Social media sites hence become a continuation of private space (home) where we “invite” friends and share a common sociability. Paradoxically, however, these private inter-courses take place within a public or semi-public space, a fact that may serve to displace the distinction between the private and the public.

Personalization of health communication

The new wave of mediatization spurred by social media has contributed to the blurring of the boundary between the private and the public and the transformations of the conditions of self-formation and maintenance. Within such a mediatized context, we expect health communication mediated by social media to become increasingly personalized. Indeed, as put by Conrad and Stults (2010) “the Internet has changed the experience of illness” (p. 180). Social media, according to Conrad et al. (2016: 27), have transformed the experience of health and illness by (1) serving as an information source for patients, (2) in becoming a repository of experiential knowledge, (3) in facilitating communication and support among individuals affected by a particular condition, (4) in shaping social movements (e.g. advocacy) around illnesses and collective illness identity, and (5) in playing a role in the changing nature of the doctor-patient.

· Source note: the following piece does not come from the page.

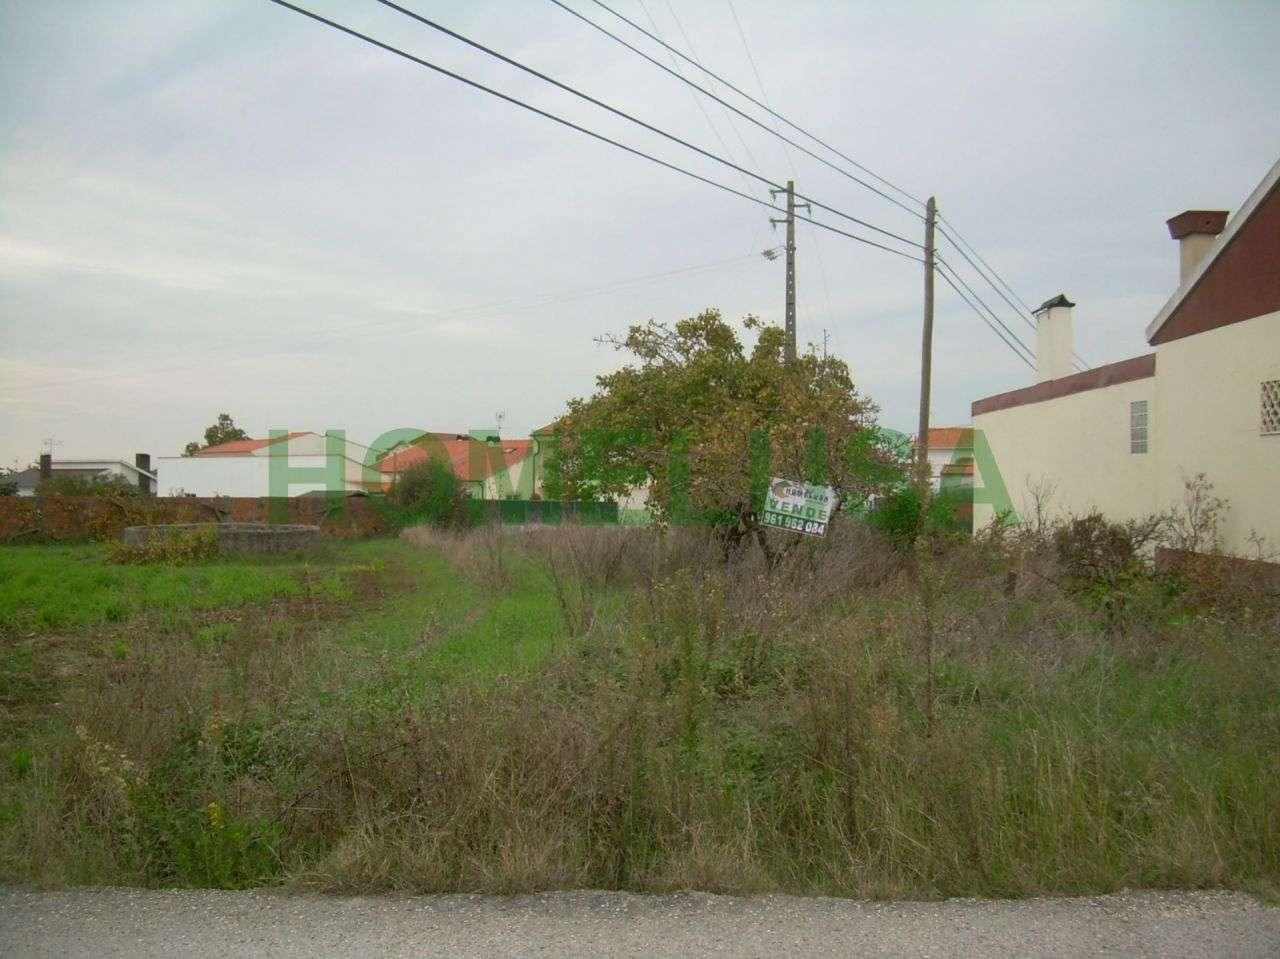 Terreno para comprar, Lavos, Coimbra - Foto 11

To this list, one might add that social media have opened a channel for representing in public the healthy or sick self. Several of these communicative practices suppose on behalf of social media users the public expression of subjective personal experience. Departing from (1) the documented increasing personalization of health communication that actually preceded social media in both news media and health campaigning and (2) the specific affordances of social media that functions as catalysts for personalized and emotionalized posts, we expect to find that health issues related to personal experiences will dominate on these platforms. An alternative hypothesis recognizes the limits of such personalized health discourses The multiple frames and focus of media representations of health in legacy media as well as the increasingly all-purpose and hybrid function of social media indicate that topics of health and illness also on social media will tap into dimensions related to critical debate, citizens perspectives and ethical reflection beyond personal experiences and witnessing. The remainder of this paper is devoted to inquiring into the extent to which these hypotheses are empirically corroborated by a large-scale analysis of social media communication.

Data and Method

We harness methods based on machine learning such as supervised classification and topic modeling applied to Norwegian social media data (Twitter, Online Forums, and Instagram) during the period 2012-2018, for discovering cultural patterns of social media use and communication about health across social media platforms.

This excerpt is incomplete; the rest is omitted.